All-in-All: Niuke all-in-all
Question:
There are two strings s and t. If you delete some characters from s, connect the remaining characters to get t. T is the subsequence of s.
Develop a program to determine whether t is a subsequence of s.
Input description:
The input contains multiple groups of data. Each group of data contains two strings, s and t.

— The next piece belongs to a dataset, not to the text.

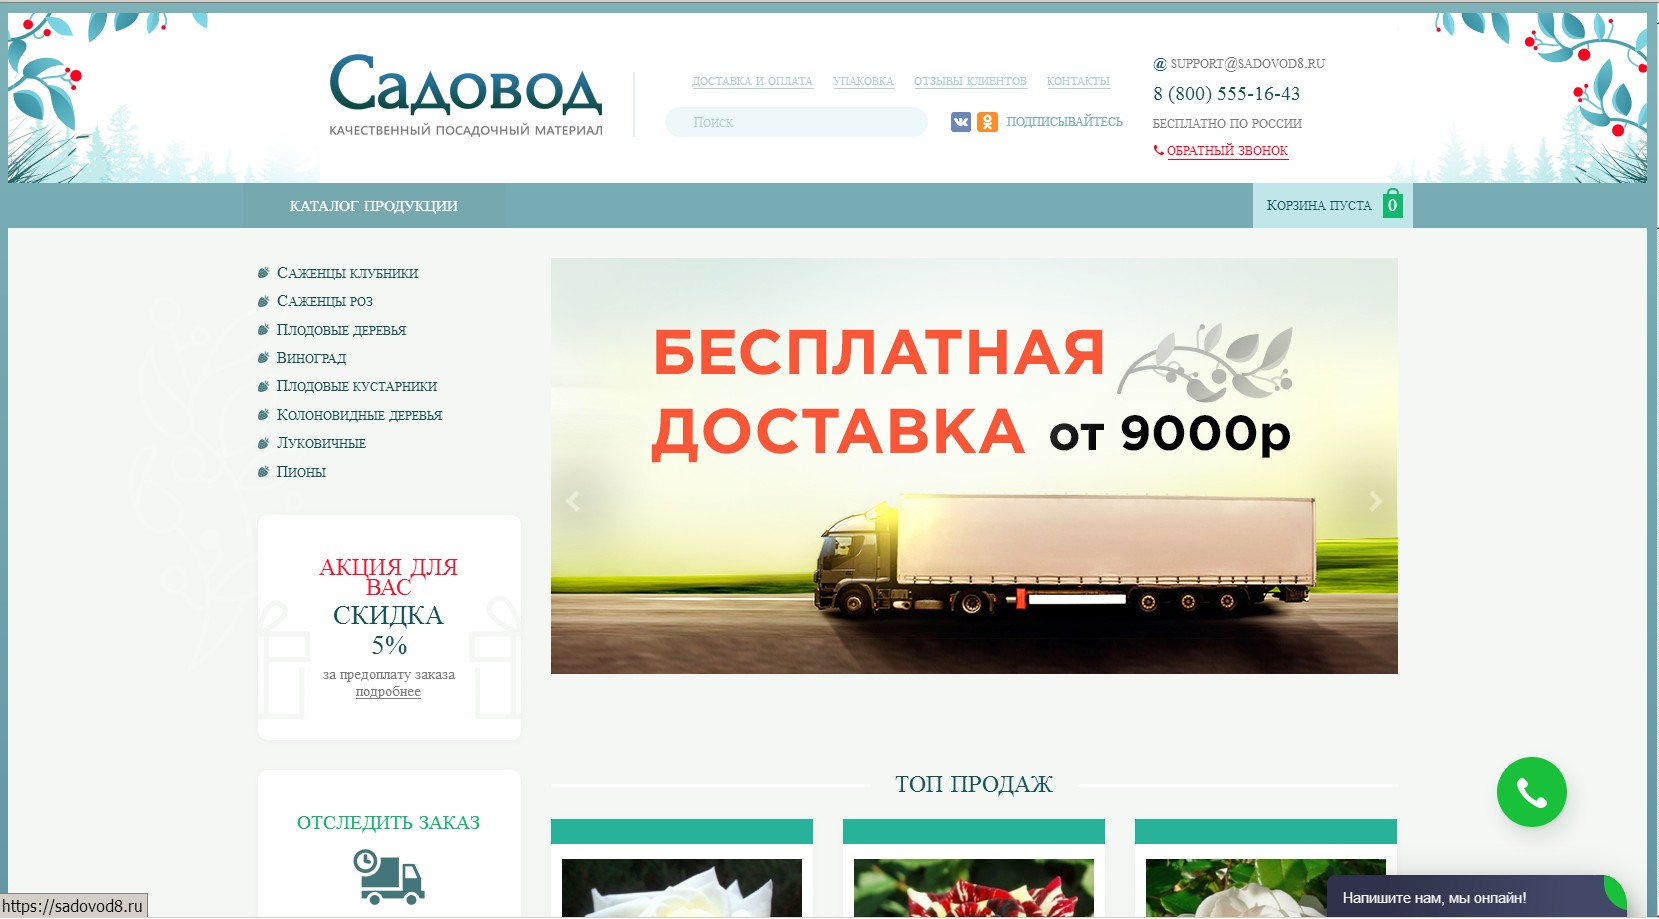 логотип sadovod8.ru

They all consist of numbers and letters and are less than 100000 in length.
Output description:
Corresponding to each input group. If t is a sub-sequence of s, "Yes" is output; otherwise, "No" is output ".
Input example:
ABC ABC
ABC AB
ABC DE
Output example:
Yes
Yes
No
Code:
package niuke;import java.util.Scanner;public class Main { public static void main(String[] args) { Scanner read = new Scanner(System.in); while(read.hasNext()) { String str1 = read.next(); String str2 = read.next(); judgeStr(str1, str2); } read.close(); } /** * * @param source * @param target * @return */ public static int indexOf(char[] source, char[] target) { int targetCount = target.length; int sourceCount = source.length; if (targetCount == 0) { return 0; } char first = target[0]; int max = sourceCount - targetCount; for (int i = 0; i <= max; i++) { if (source[i] != first) { while (++i <= max && source[i] != first) ; } if (i <= max) { int j = i + 1; int end = j + targetCount - 1; for (int k = 1; j < end && source[j] == target[k]; j++, k++) ; if (j == end) { return i; } } } return -1; } public static void judgeStr(String str1, String str2) { int len1 = str1.length(), len2 = str2.length(); int i = 0, j = 0; for(; i<len1 && j<len2;) { if(str1.charAt(i) == str2.charAt(j)) { j ++; } i ++; } if(j == len2) { System.out.println("Yes"); } else { System.out.println("No"); } }}
Note:
The question itself is not difficult, and the focus is on understanding the question purpose.
The indexOf (String, String) method in the Code indicates an incorrect understanding of this question, that is, it must be included in all to output Yes,
For example, "ABCD" "AB" outputs "Yes"
For "ABCD" "AD" output "No"
However, the question itself means that "Yes" must be output for "ABCD" "AD".